Mr. President, Where Are The Riches We Sit On?

By Noel Yaw Ampofo
Opinion Mr. President, Where Are The Riches We Sit On?
APR 24, 2020 LISTEN

As many Ghanaians continue to wonder why the President lifted the lockdown restrictions and if it is the right decision, I am reminded of a statement the President made during the 2016 campaign that “yeti sika nso yebre”; which translated to English means “we (Ghanaians) are sitting on riches and yet, we are suffering”.

I am reminded of this statement because, despite the fact that the President promised to make our lives better, the economic situation of the average Ghanaian has barely gotten better. In fact, it can be argued that the situation for most working-class Ghanaians has gotten worse. I wonder now if the symbolic statement by the President which was certainly true then and remains true now was only said to win the favor of Ghanaians and not because there was a real intent to improve the lives of the Ghanaian masses.

The COVID-19 pandemic has exposed how the years of cuts in public and social spending has resulted in the neglect of the welfare of the poor and underprivileged in Ghana.

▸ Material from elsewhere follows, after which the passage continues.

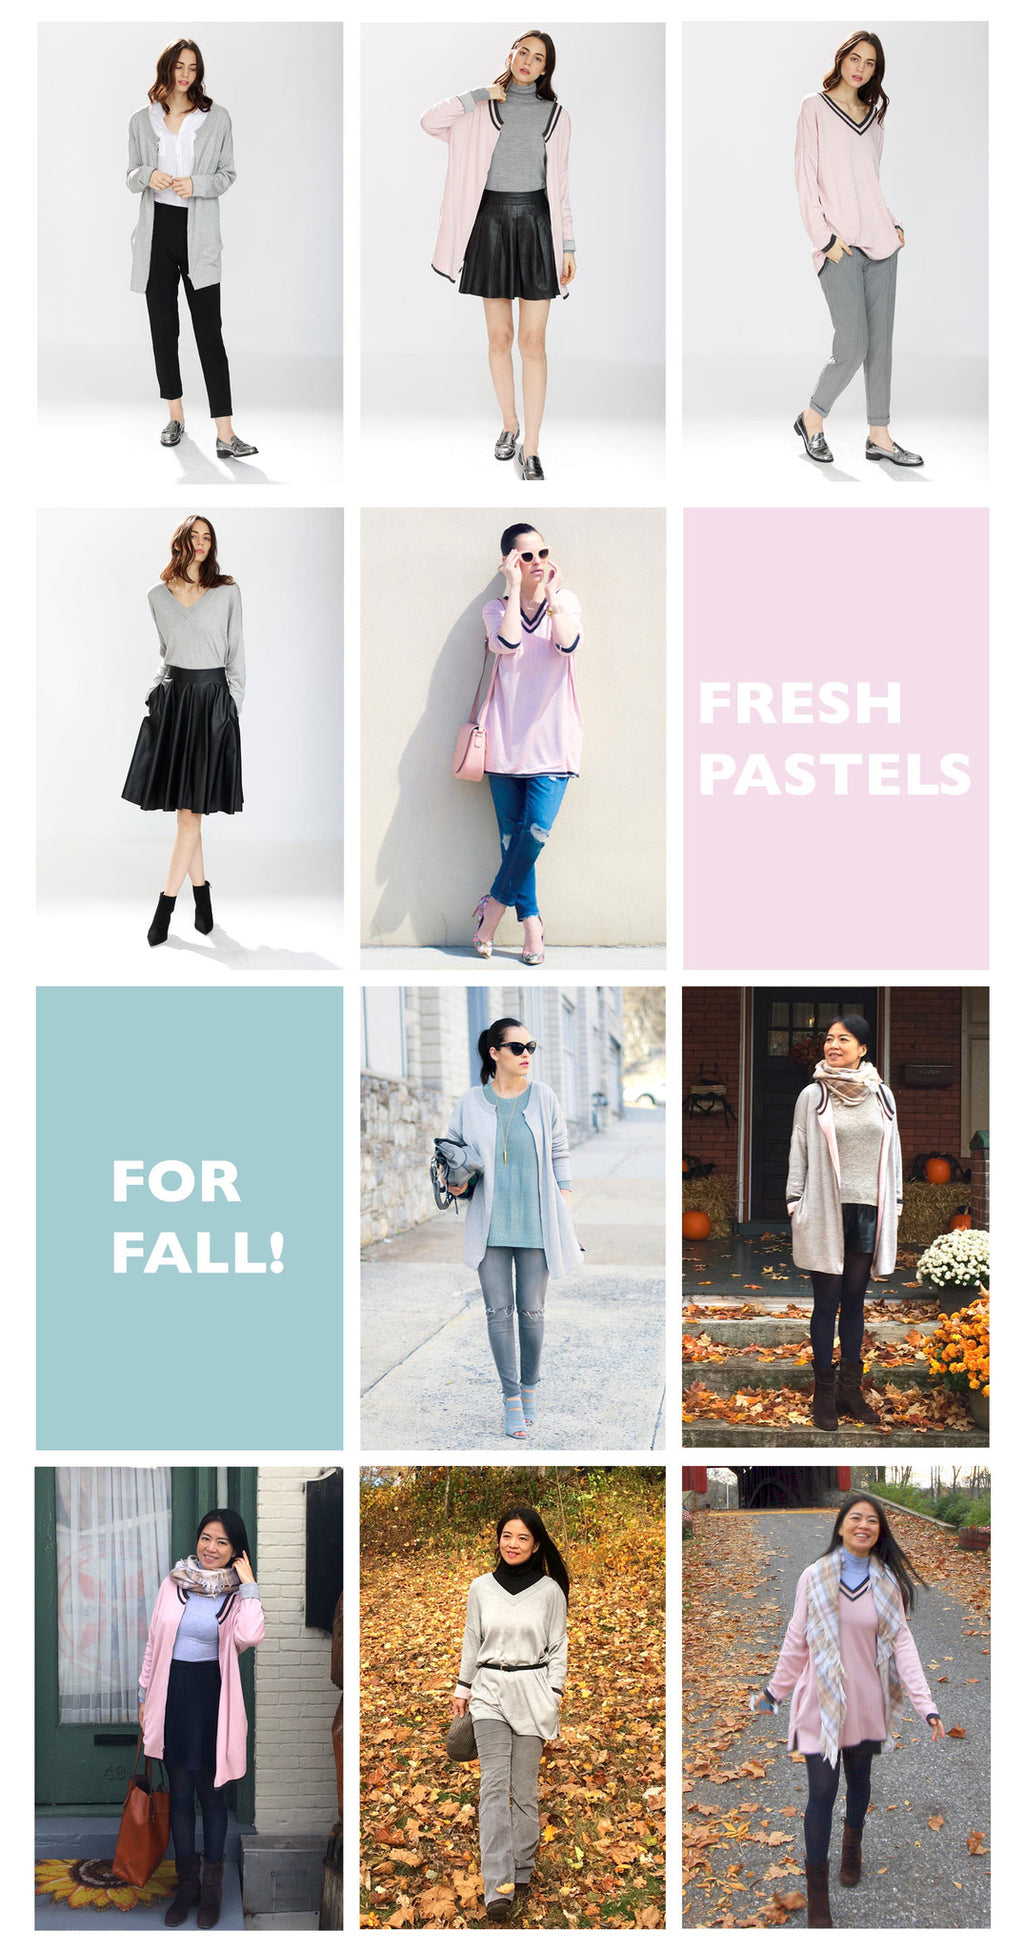 How to wear pastels in fall and winter - Christinabtv

For only two weeks, the government failed to ensure that all who needed food received it with many Ghanaians lamenting to the media about the food not reaching their areas.

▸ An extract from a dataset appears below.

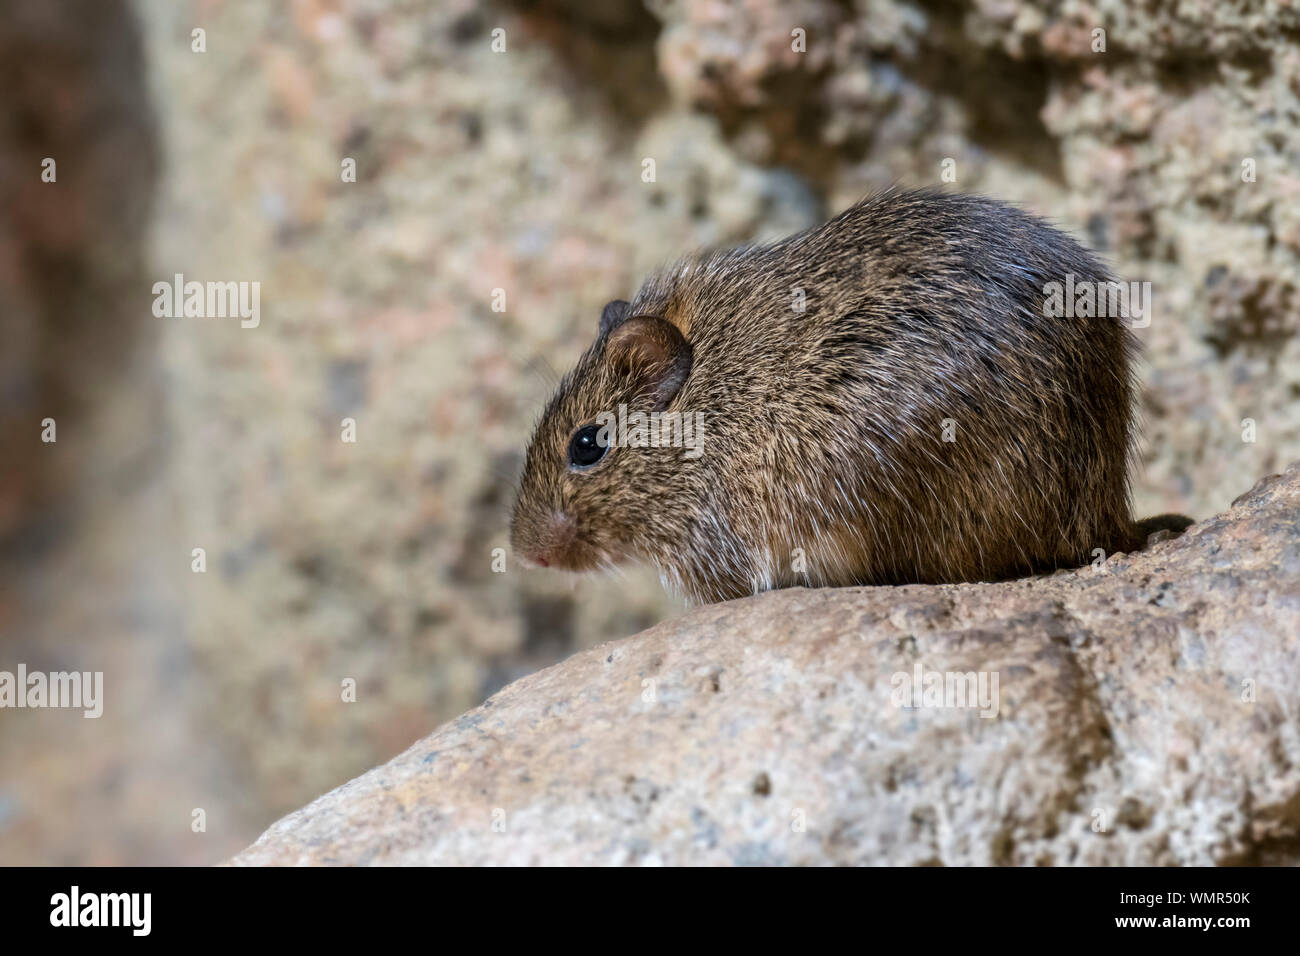 Hispid cotton rat (Sigmodon hispidus) rodent native to South America, Central America, and southern North America Stock Photo

The most worrying issue about the government failing to adequately provide for all those who needed food is that the lockdown was only limited to Accra, Tema, Kasoa, and Kumasi. You have to wonder what the case would have been if there was a nationwide lockdown.

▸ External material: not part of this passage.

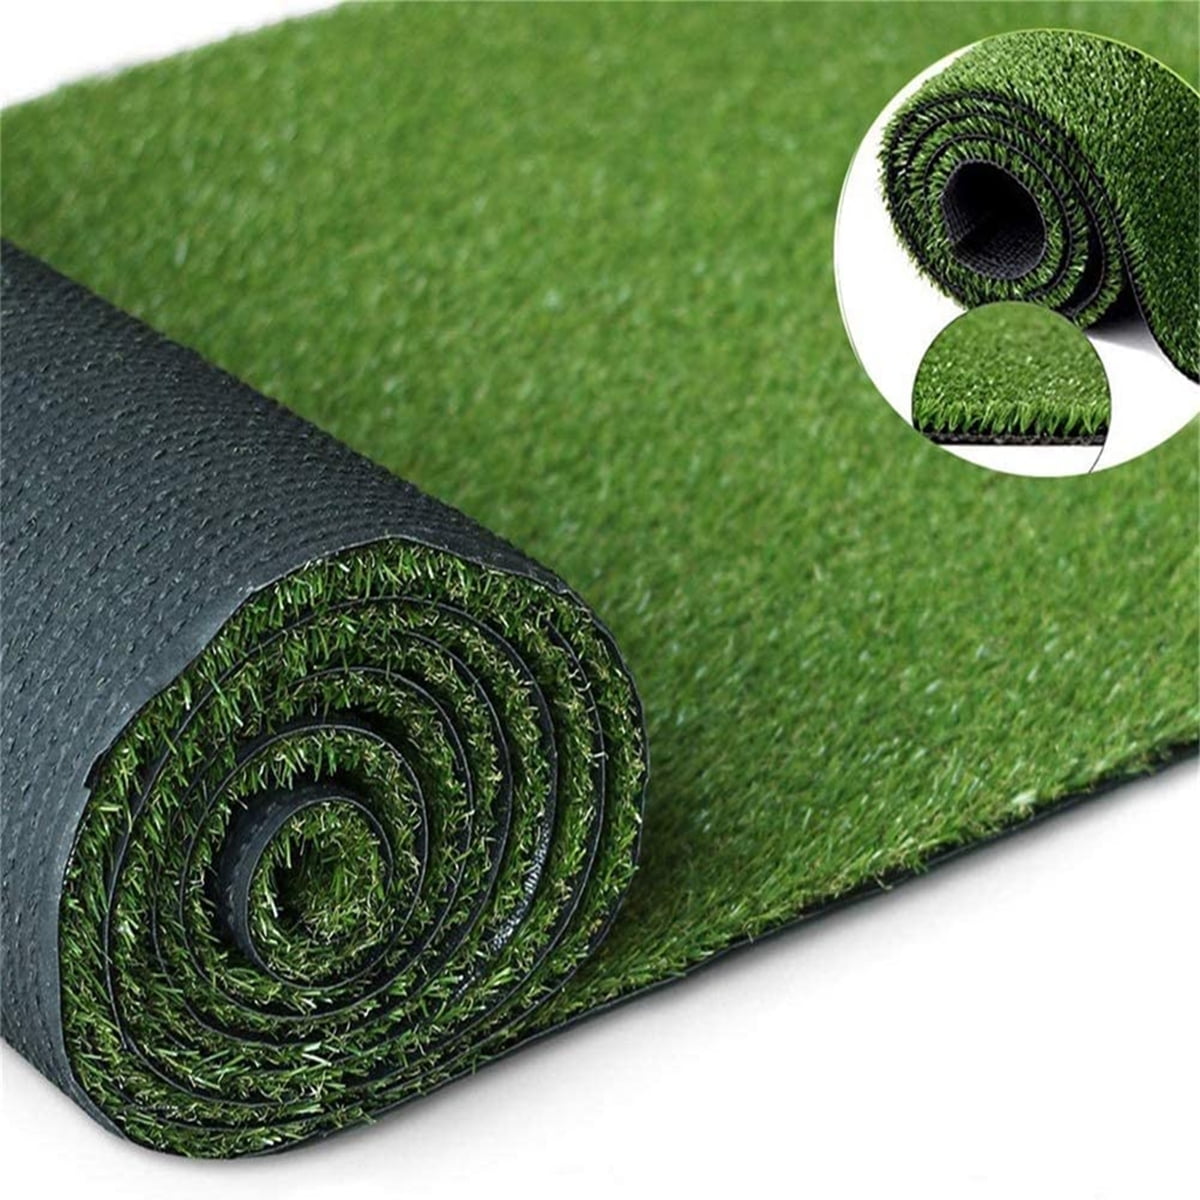 Grass Rug Synthetic Lawn Standard Green 400x280 cm

For a country that is sitting on riches as the President rightly said, why can’t the government ensure that food is provided for all who are unable to afford it during this period and beyond? Many Ghanaians faced hunger on a daily basis before Covid and the State has a responsibility to cater for them.

Seeing how desperate people got over food after having to stay home for only a week shows the dire situation most Ghanaians live in. We are in a country where many have to hustle on a daily basis to get their daily bread, many others are unemployed and others are employed but earn poverty wages. The government worryingly seems not to care about the unbearable conditions ordinary Ghanaians have to contend with.

At a point during the President’s address on Sunday, he mentioned that there two fights we have left and for a second, I hoped he will talk about a fight against the widespread poverty in Ghana but that was not to be. More worryingly, not only did the President fail to address the poor and their needs, he rather made it clear that big business interests are going to be assisted financially. Looks like the suffering Ghanaian masses have to fend for themselves while the luxury hotels and industries receive government support.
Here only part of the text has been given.